Logistic regression analysis showed that Ischemic stroke, bedridden for at least 3 days, elevated Caprini Risk Score, altered GCS scores, higher D-dimer and FIB levels are influential factors in the occurrence of VTE in mechanically ventilated ICU Patients (p < 0.05) (detailed in Figure 2).

FIGURE 2
Forest plot depicting significant risk factors with odds ratios and confidence intervals for stroke, bedridden status, Caprini Risk Score, Glasgow Coma Scale, fibrinogen, and D-dimer. P-values indicate statistical significance, all below 0.05.

Figure 2. The outcomes of multivariable logistic regression analysis evaluating HA-VTE risk in mechanically ventilated ICU patients. Logistic regression model: –4.733 + 1.268 × Stroke + 0.937 × Bedridden for at least 3 days + 1.748 × Caprini risk score – 0.224 × GCS + 2.013 × FIB + 0.137 × D-dimer.

3.3 Development of a predictive nomogram

A nomogram model was developed based on the results of the logistic regression analyses to evaluate the VTE risk in mechanically ventilated ICU patients. This model quantifies the influence of each identified risk factor by assigning scores. Different GCS in the figure can correspond to varying scores on Points, e.g., when the GCS score is 7, the score corresponding to Points is about 30 (if the GCS score is > 15, Points is recorded as 0); when the D-dimer level of 15 μg/mL yields 30 Points (if the D-dimer is < 0.5 μg/mL, Points is 0); when it is ischemic stroke, Points corresponds to 19 points; when the Caprini risk score is high risk, Points corresponds to approximately 39 points; and braked bedridden and plasma fibrinogen are scored as previously defined. The Points values for all six variables are summed to generate a Total Points score. This score is matched to the nearest value in the Total Points column of the scoring table. The vertically adjacent Predicted Value represents the estimated venous thromboembolism (VTE) probability, expressed as a percentage. Example: A Total Points score 100 aligns with a Predicted Value of 0.10, indicating a 10% VTE risk probability (depicted in Figure 3).

FIGURE 3
ROC curve graph plotting sensitivity against specificity. The curve is shown with a solid line above the diagonal, indicating good performance. Point labeled 0.1 shows values of 81.1% sensitivity and 89.8% specificity. The area under the curve (AUC) is 90.9%.

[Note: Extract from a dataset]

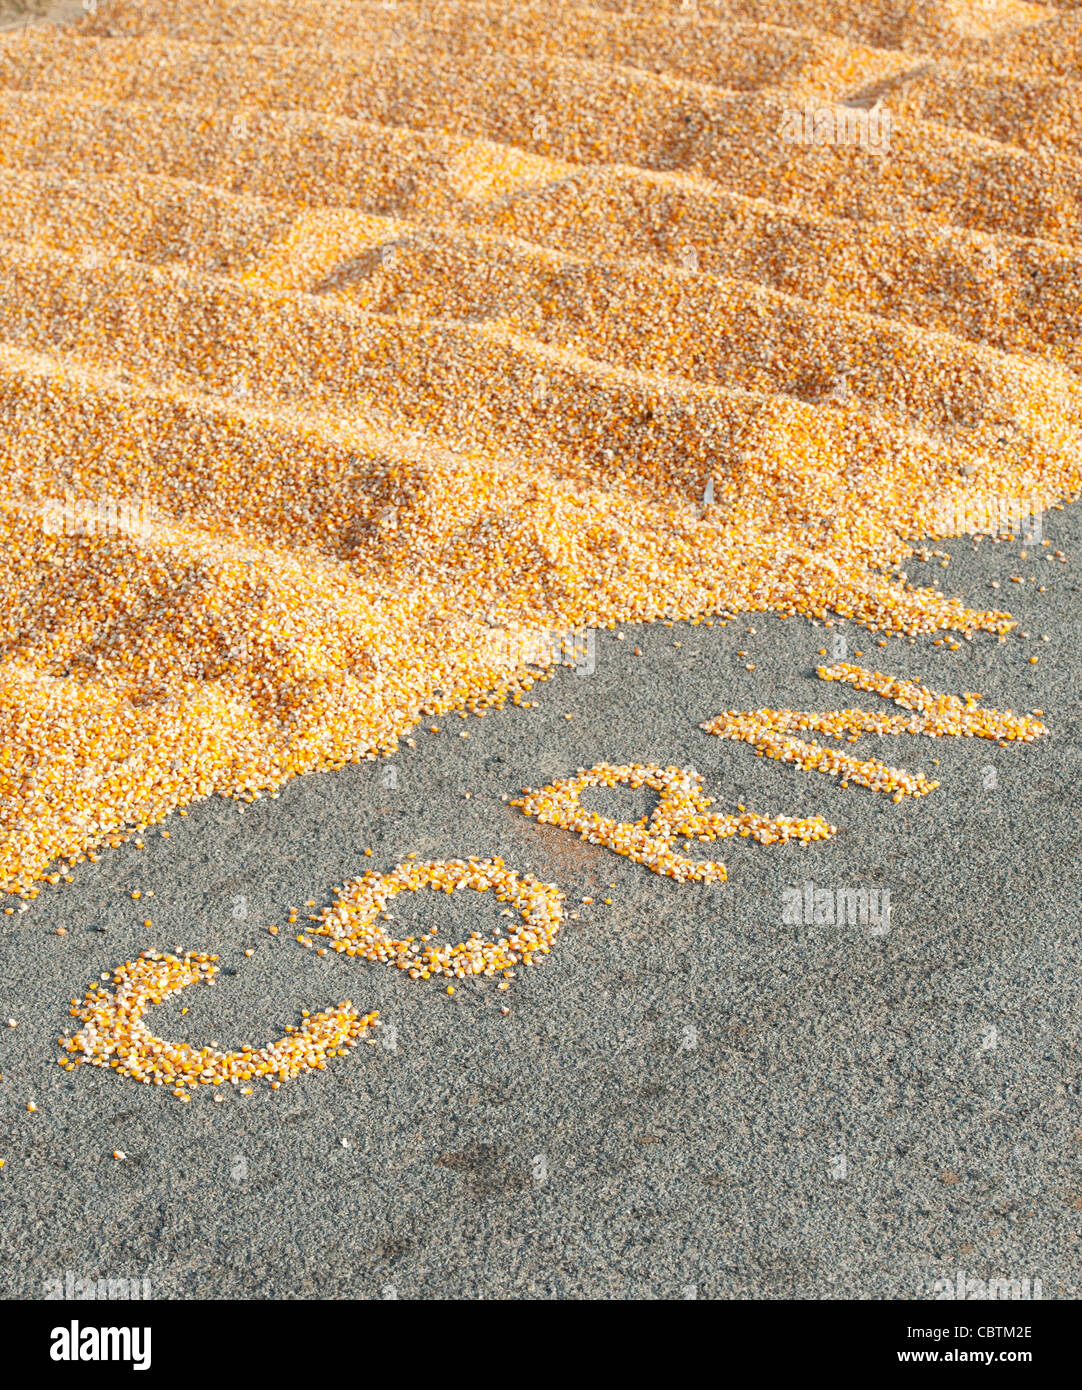 Sonne Trocknen Mais/Maiskörner in Indien auf einer Straße mit dem Wort MAIS heraus geschrieben. Andhra Pradesh, Indien Stockfoto

Figure 3. The nomogram to predict the risk of VTE in mechanically ventilated ICU patients.

3.4 Validation of the nomogram

The ROC curve analysis demonstrated that the AUC for the VTE risk prediction model in mechanically ventilated ICU patients stands at 0.909, with a 95% confidence interval (CI) ranging from 0.859 to 0.958 (as shown in Figure 4). This model exhibits a specificity of 81.1% and a sensitivity of 89.8%, with a Yoden index of 0.709. The model is differentiated. The alignment between predicted and observed VTE risks in this demographic is confirmed by the calibration curve (as depicted in Figure 5). The Hosmer–Lemeshow test for goodness of fit indicates a high model accuracy with a χ2 value of 6.398 and a p-value of 0.603. The DCA assesses the model’s clinical utility by quantifying net benefit—the benefit of timely intervention minus the harm of delayed intervention. The DCA validates the clinical utility of the nomogram in predicting VTE risk among mechanically ventilated ICU patients (as depicted in Figure 6). Setting the threshold probability range of the model between 0 and 0.99 reveals a net benefit above zero, substantiating the model’s efficacy.

FIGURE 4
Calibration plot showing the predicted probability of VTE on the x-axis and actual probability on the y-axis. The plot includes dotted lines for apparent, bias-corrected, and ideal calibration, illustrating how predictions compare to actual outcomes.

Figure 4. Receiver operating characteristic curve of the risk prediction model for VTE in mechanically ventilated ICU patients.

FIGURE 5
A nomogram for assessing stroke risk based on several factors. The top scale measures total points from 0 to 100. Variables include stroke type (ischemic or hemorrhagic, presence of immobility), Caprini Risk Score (low to high-risk), Glasgow Coma Scale (ranging from 3 to 15), fibrinogen level, and D-Dimer level ranging from 0 to 45. Total points are calculated on a scale from 0 to 260, which correlates with the probability of an event, ranging from 0.001 to 0.999.

Figure 5. The calibration curve for predicting the probability of VTE among mechanically ventilated ICU patients. The x-axis depicts the predicted VTE risk, while the y-axis represents the actual observed incidence of VTE. The diagonal dotted line signifies perfect prediction by an ideal model, while the bias-corrected curve (solid line) is the calibration result after correcting the optimism with the 1,000 bootstrap resampling; the closer the fit to the dashed line, the more accurate the prediction.

FIGURE 6
A decision curve analysis graph shows the net benefit versus high risk threshold. The red line represents the baseline model, while gray lines represent the “All” and “None” scenarios. The baseline model starts with a high net benefit around a threshold of 0, gradually decreasing as the high risk threshold increases towards 1. The cost-benefit ratio ranges from 1:100 to 100:1.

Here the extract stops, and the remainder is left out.